In contrast to formal documents, dialogue texts, especially multi-person conversations, can be noisier, more unstructured, and cover more diverse topics within each document. We test our model on two summarization datasets collected from popular TV series (Chen et al., 2022). As shown in Table 5, our model achieves even stronger relative gains compared to formal-domain datasets. Note that DialogLM (Zhong et al., 2022) is specifically designed for the dialog domain and further pretrained a PLM checkpoint on dialog corpus. The large improvements over their results again suggest the importance of pretraining with open-domain corpus.

Model	Qasper	NarrativeQA	QuALITY
Model	F1	EM	EM-T/H
LongT5-base	46.6	23.0	37.9/36.6
LongT5-large	53.3	27.2	40.6/38.6
LongT5-3B	53.1	29.3	46.0/42.1
Block-BART (dev)	38.1	24.1	35.7
BART-LS (dev)	40.6	25.4	37.6
BART-LS	48.7	26.2	37.8/34.0

Table 6: Test results on QA tasks. LongT5’s numbers are taken from the Scrolls benchmark (Shaham et al., 2022). We also compare our model with a block-attention baseline that reuses BART’s weights on the dev set, as shown in gray rows. Not that our model’s size is in between LongT5-base and LongT5 large.

Model	QMSum
Model	R-1	R-2	R-L
BART-large	32.2	8.0	27.7
DialogLM	34.0	9.2	30.0
DYLE	34.4	9.7	30.1
LED	34.2	10.3	30.0
SecEnc	37.1	13.0	32.6
SecEnc-W	37.8	13.4	33.4
Block-BART (ours)	36.6	12.1	32.4
BART-LS	37.9	12.1	33.1

Table 7: Results on query-based meeting summarization (QMSum). The highlighted row indicates additional data has been used for training.
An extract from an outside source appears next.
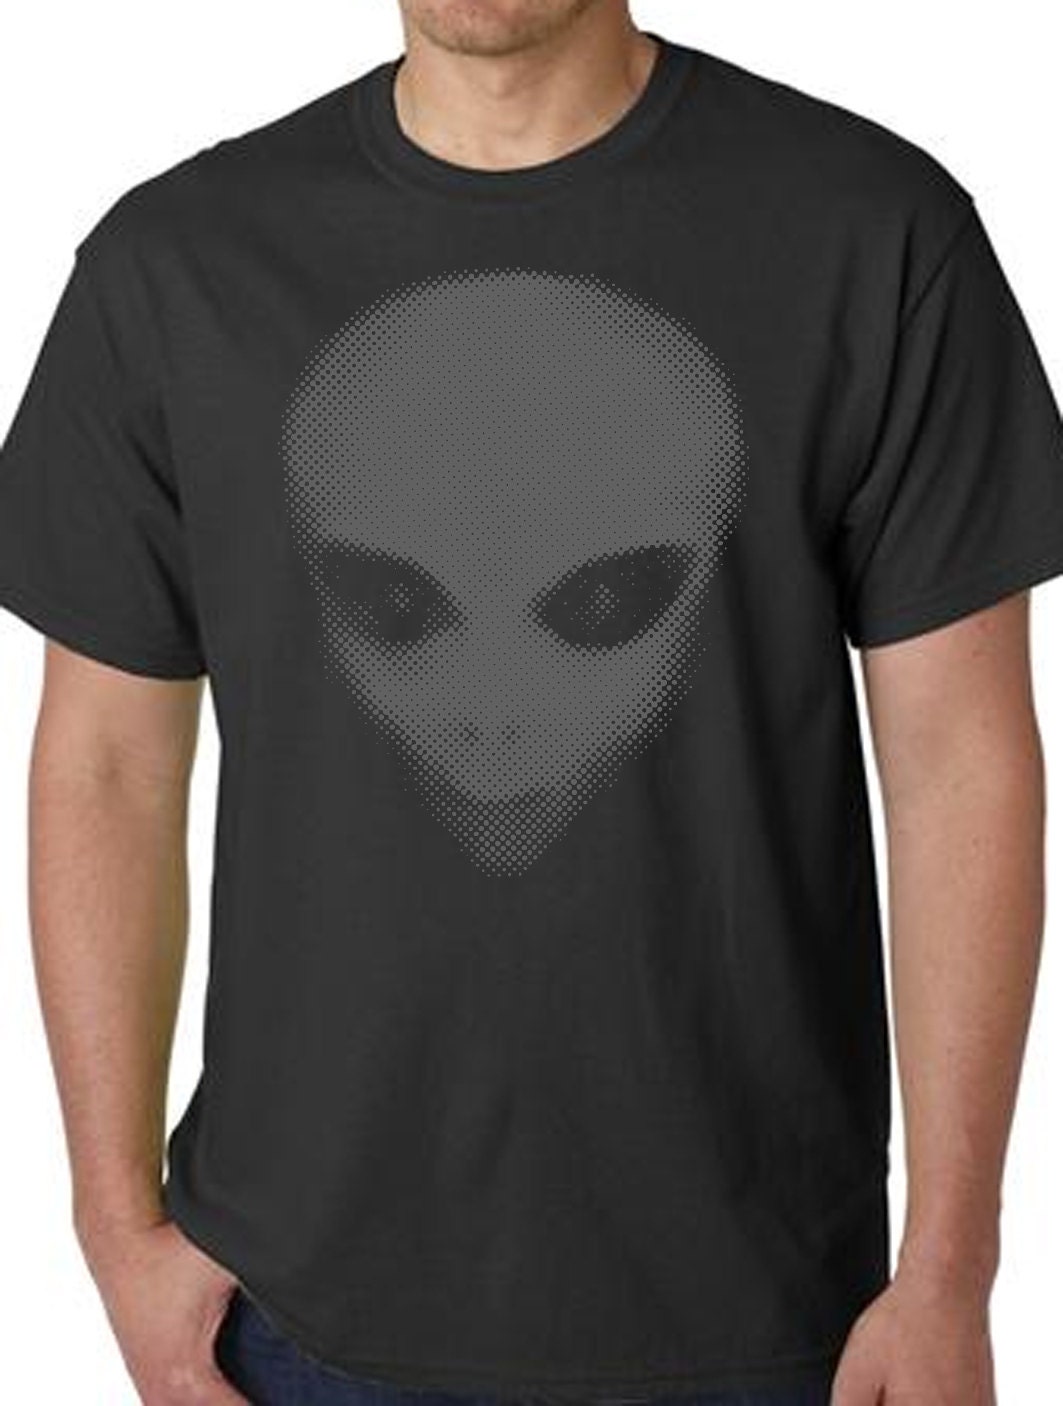 alien print t shirt

3.5.2 QA and Query-Based Summarization

As mentioned in Sec 3.1, we use the same input format for finetuning QA tasks and query-based summarization. As there are no existing baselines of long models that reuse the weights of short-sequence models, we also report the performance of our implementation of block-attention BART. As shown in Table 7, our model outperforms all previous methods that do not apply data augmentation. Here SecEnc (Vig et al., 2022) is also a block-attention version of BART – it distribute overlapped texts (instead of disjoint text blocks) into each self-attention window and reuses the position embeddings of the first 1,024 tokens. On long-document QA datasets (as shown in Table 6), our best model is consistently better than our block-attention baseline and is aligned with LongT5 scaling laws – our model’s size is between the base and large versions of LongT5. We believe the reason that our model is better at summarization but not on QA tasks is due to the bias learned by BART, which we initialize our model from. In contrast to T5 which is pretrained to predict short spans and thus might be specialized at predicting factual targets like named entities, BART is extensively pretrained to decoding long and full sentences/paragraphs.
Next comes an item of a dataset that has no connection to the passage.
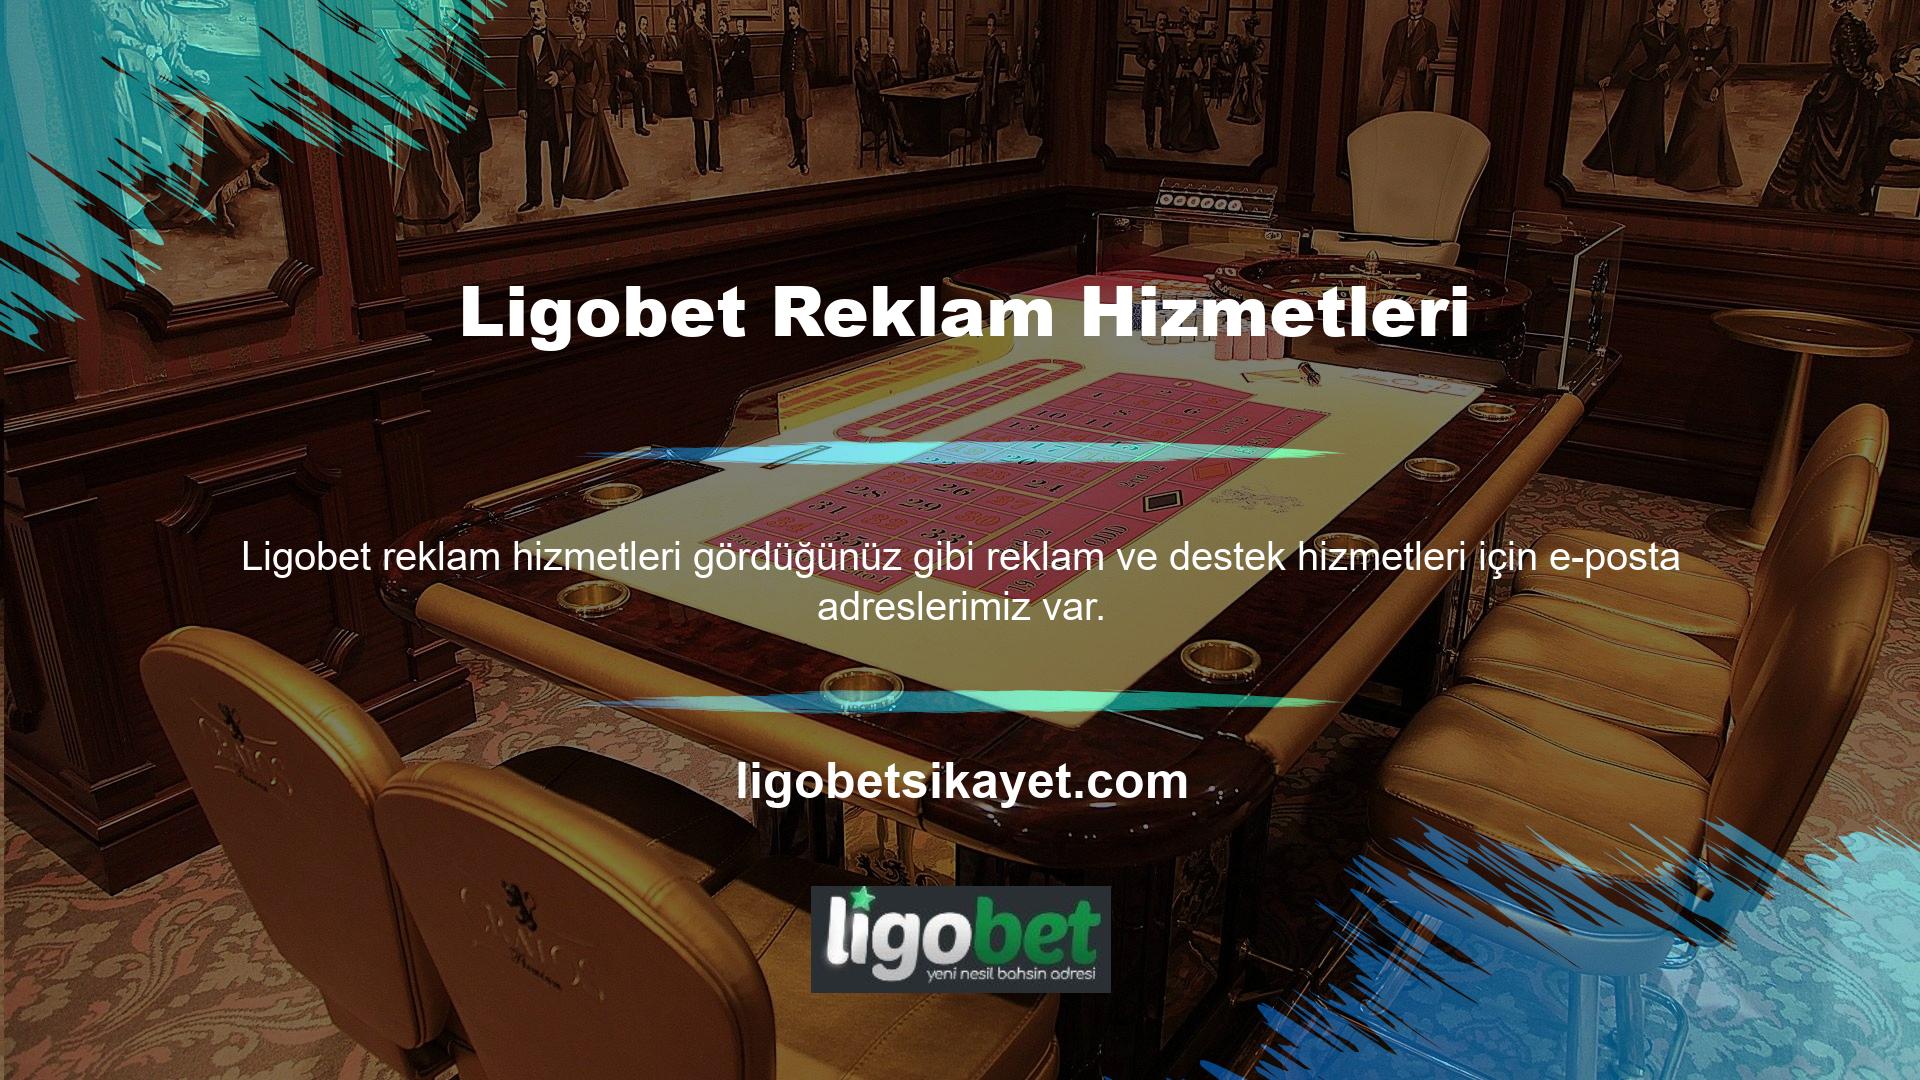 Türkçe dil seçeneğine başvurup Ligobet bulunabilirsiniz

3.6 Performance Analysis on Input Lengths

To further investigate the performance gains of our proposed model, we compare the performance of the proposed model against the base model as a function of source document length for two summarization datasets, namely SummScreen and TVMegaSite. To conduct our analysis, we divide the validation split of both the datasets into short and long documents. The cutoff length to separate the two groups is chosen such that approximately 75% of the documents are classified as short documents. Figure 3 presents the results of this comparison. For both the datasets: (a) there’s a performance drop for both the best and the base model for longer documents, and (b) the best model is better than the base model on all data splits. For SummScreen the performance gap between the best and the base model is bigger for long documents than for short documents – relative ROUGE-L increase of 0.80% and 3.96% for short and long documents respectively. This suggests that the performance gains for the best model can be attributed to better long-context modeling. For TVMegaSite this trend of increasing performance gap between the best and the base model with an increase in document length still holds true, though the increase in performance gap is modest in comparison to the increase observed for SummScreen – relative ROUGE-L increase of 2.43% and 2.75% for short and long documents respectively.

4 Related Work

4.1 Efficient Long-Context Architectures

A long list of works propose to reduce the complexity of the attention layers of transformers. The simplest paradigm to achieve efficiency is to restrict each token’s attending context to a subset of the whole sequences, e.g., Reformer (Kitaev et al., 2020) and the Routing transformer (Roy et al., 2021) proposes hashing or clustering based attention, where each token only attends to tokens of a single bucket/cluster. Our model architecture is mostly influenced by previous work like Longformer (Beltagy et al., 2020), BigBird (Zaheer et al., 2020) and ETC (Ainslie et al., 2020) that have demonstrated strong downstream performance. These models assume strong locality bias in language data and restrict each token’s attending context to nearby tokens. In contrast to these works, we augment the block attention with pooling layers and study the effect of additional pretraining on long sequences. Other popular approach to tackle the efficiency bottleneck includes kernel-based (Choromanski et al., 2021; Peng et al., 2021) and low-rank approximation (Wang et al., 2020) of the N $\times$ N attention matrix. However, in contrast to local attention transformers, the effectiveness of these approximation approaches is yet to be validated in large models and downstream tasks.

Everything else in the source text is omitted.